* Data extract
━━━━━━

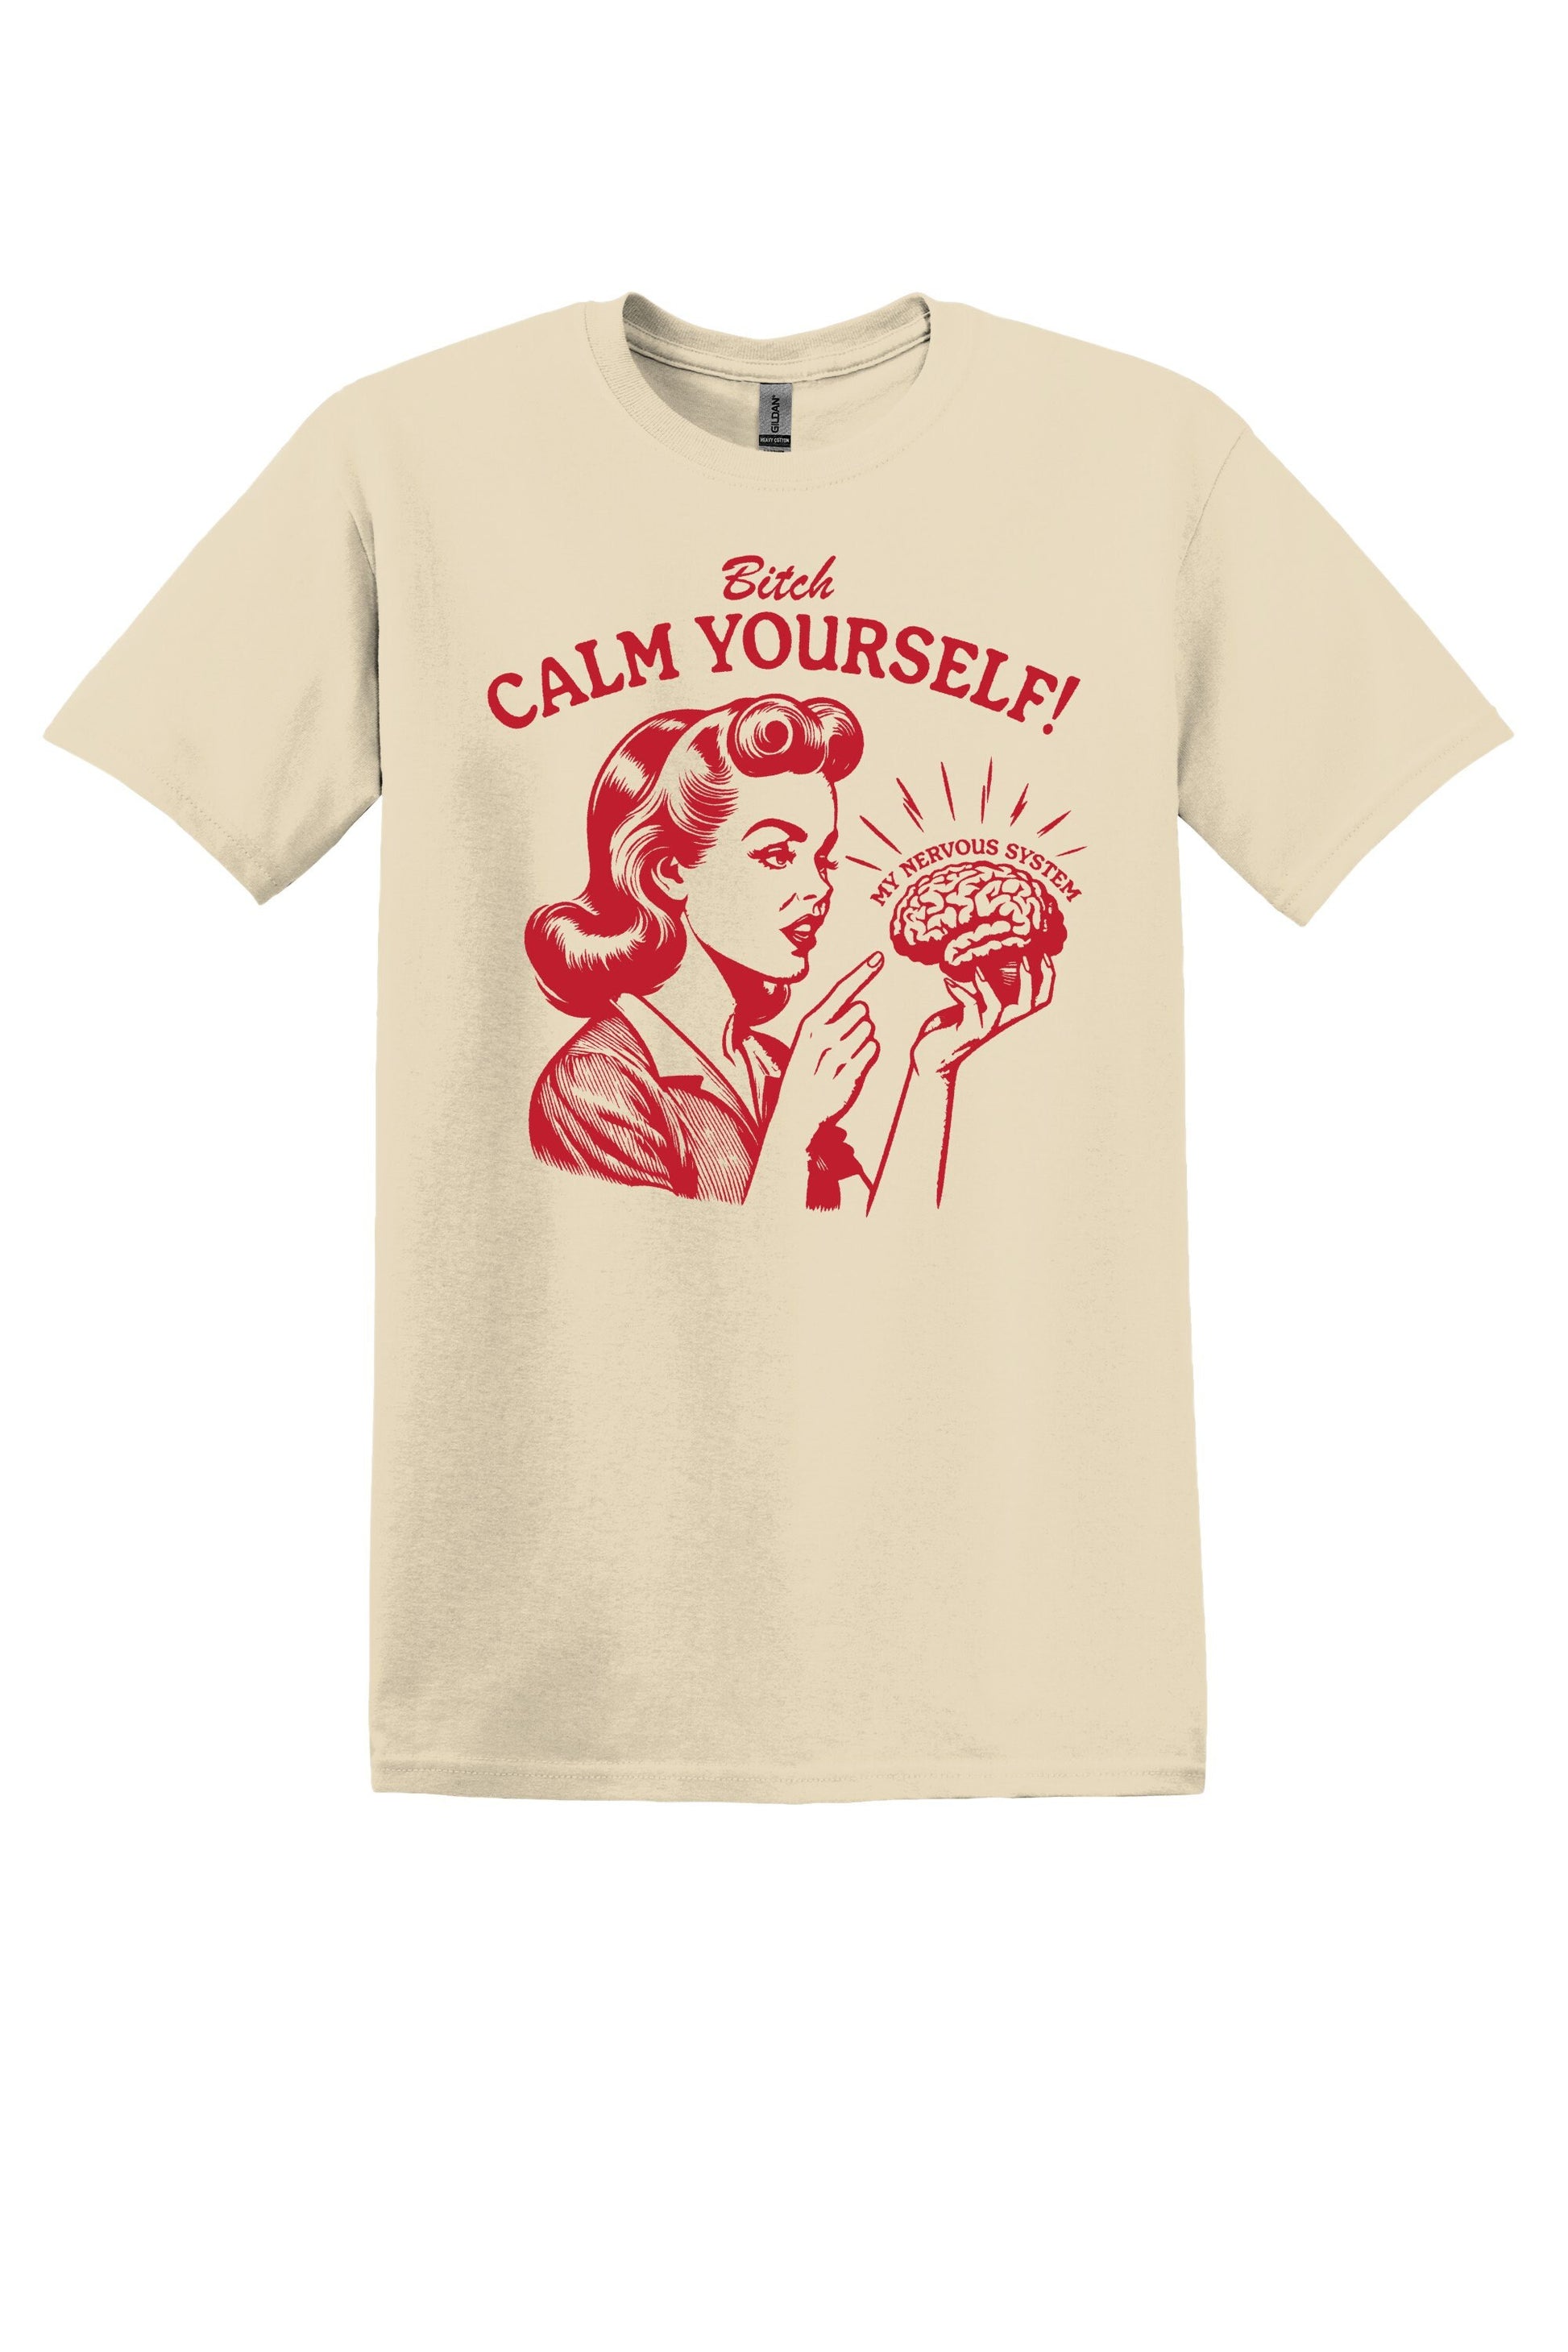 Bitch Calm Yourself My Nervous System Shirt Funny Shirt Mental Heath TShirt Ironic T Shirt Sarcastic Shirt trendy shirt
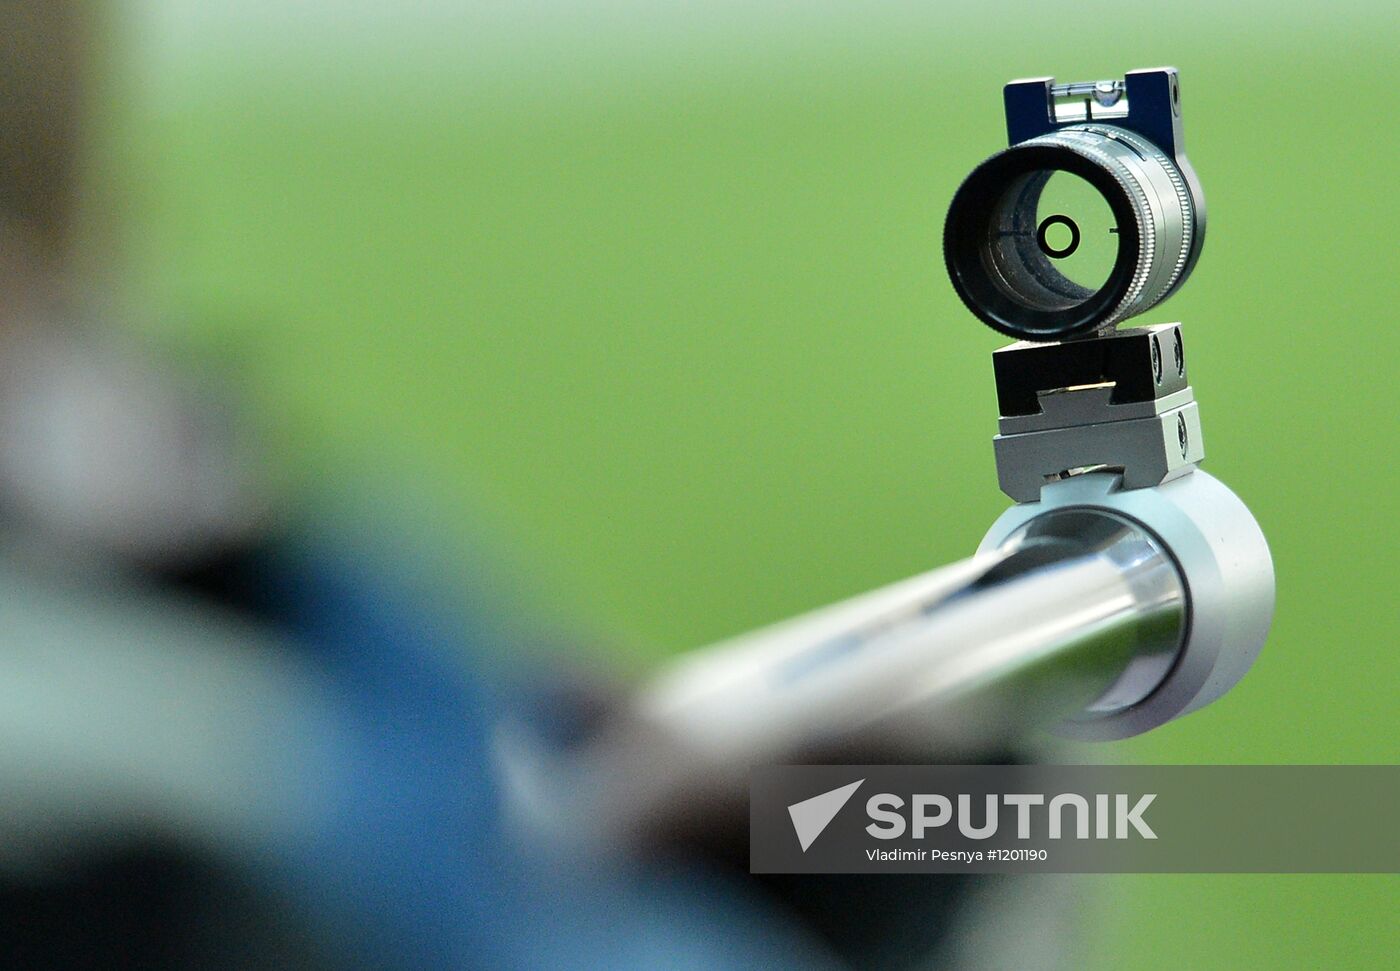 2012 Olympics. Men's rifle prone
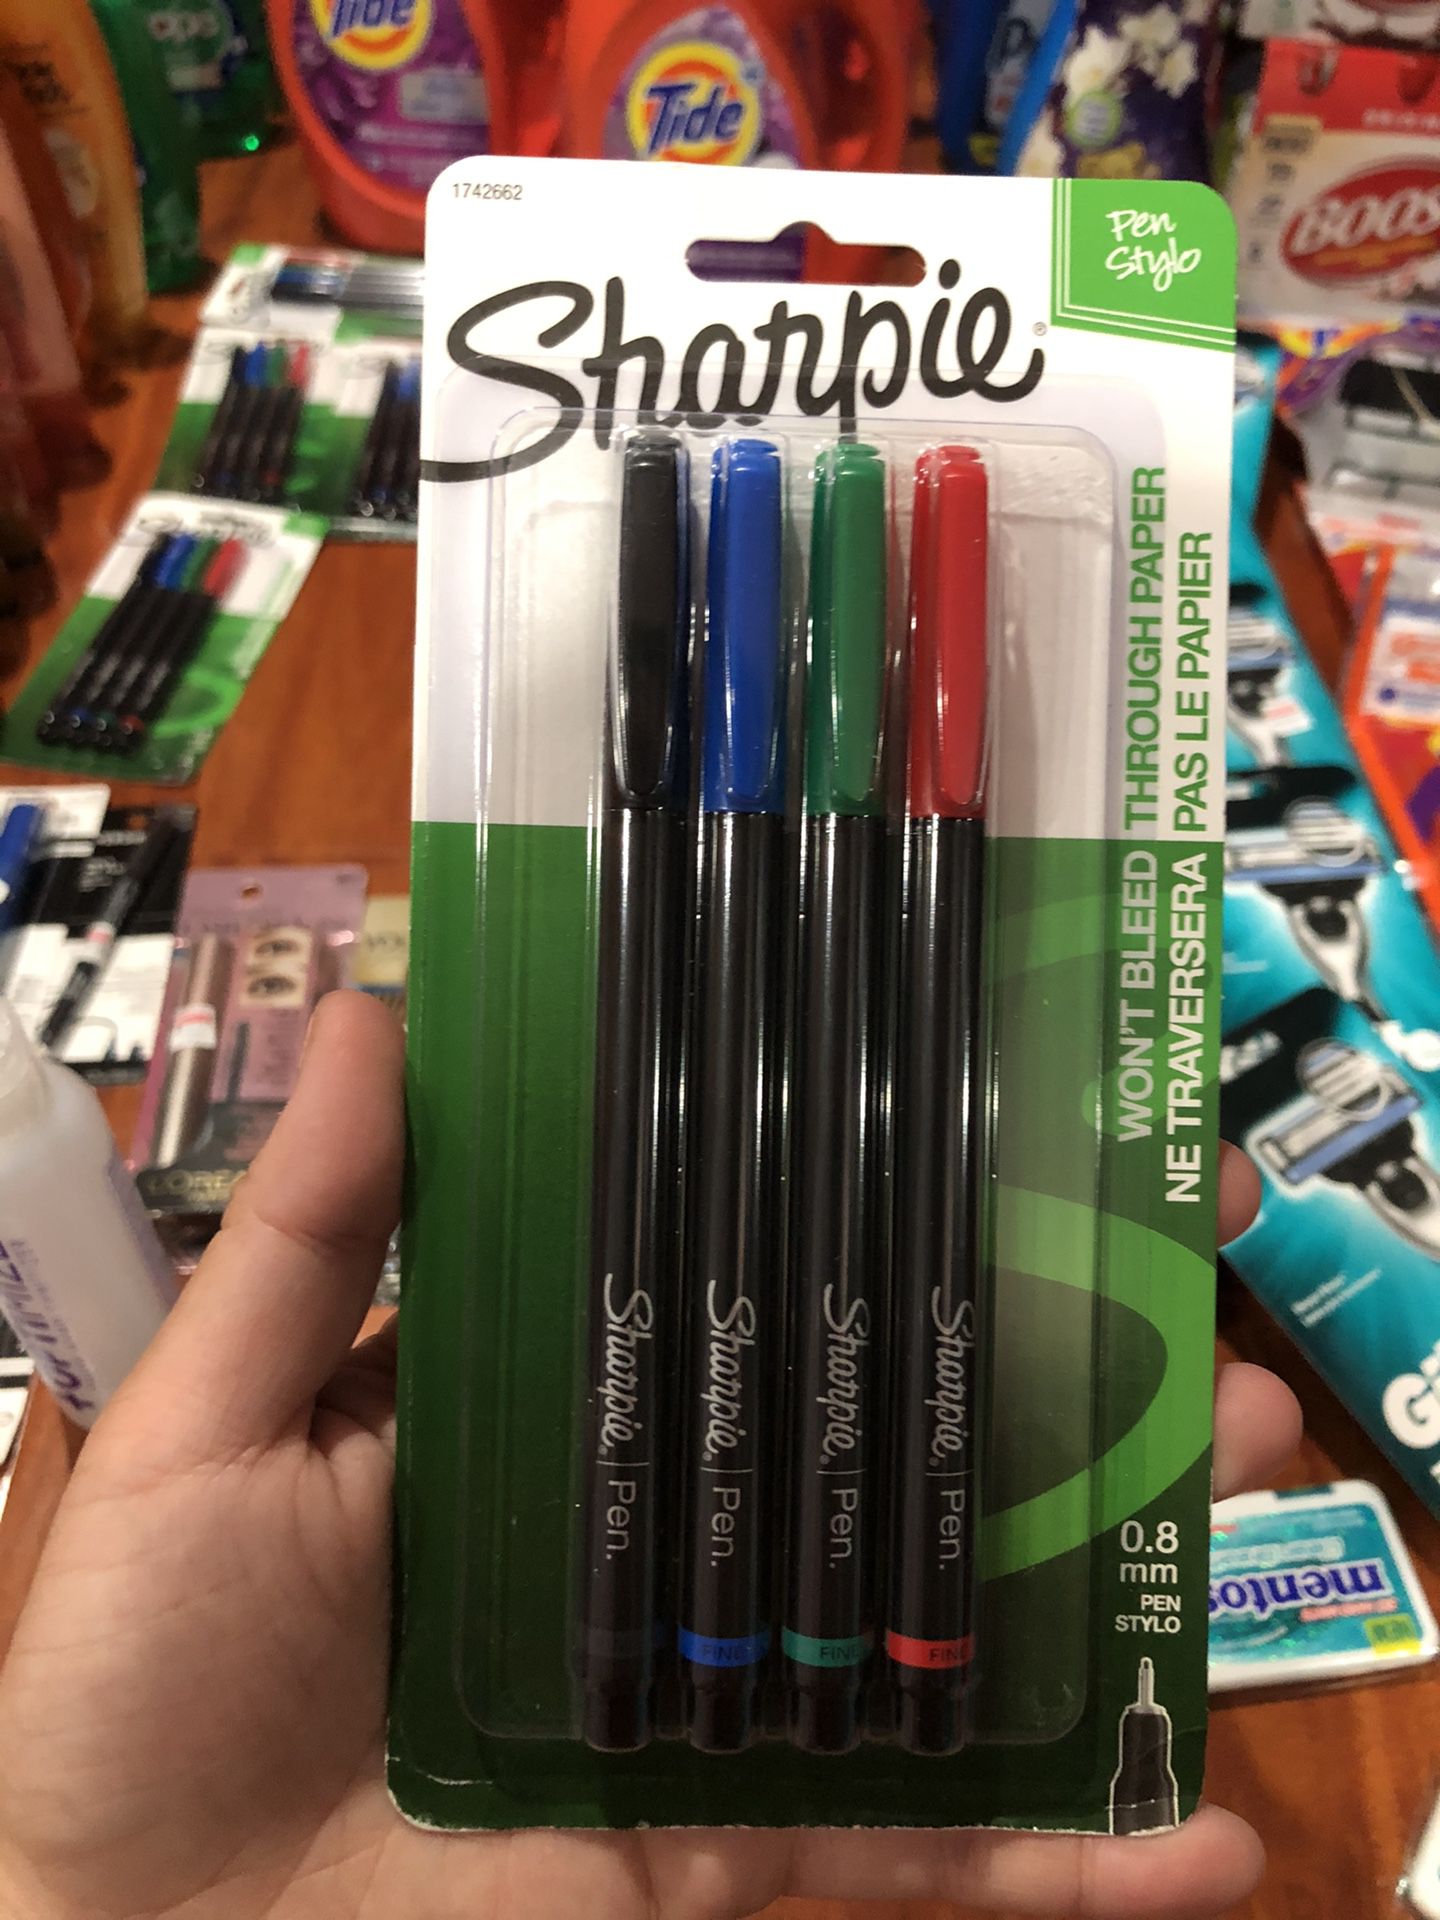 Sharpie Pen Style 0.8m

━━━━━━

* What you will do
Repeat the data above in full and exactly. Omit every image.

* Answer box
 Bitch Calm Yourself My Nervous System Shirt Funny Shirt Mental Heath TShirt Ironic T Shirt Sarcastic Shirt trendy shirt
 2012 Olympics. Men's rifle prone
 Sharpie Pen Style 0.8m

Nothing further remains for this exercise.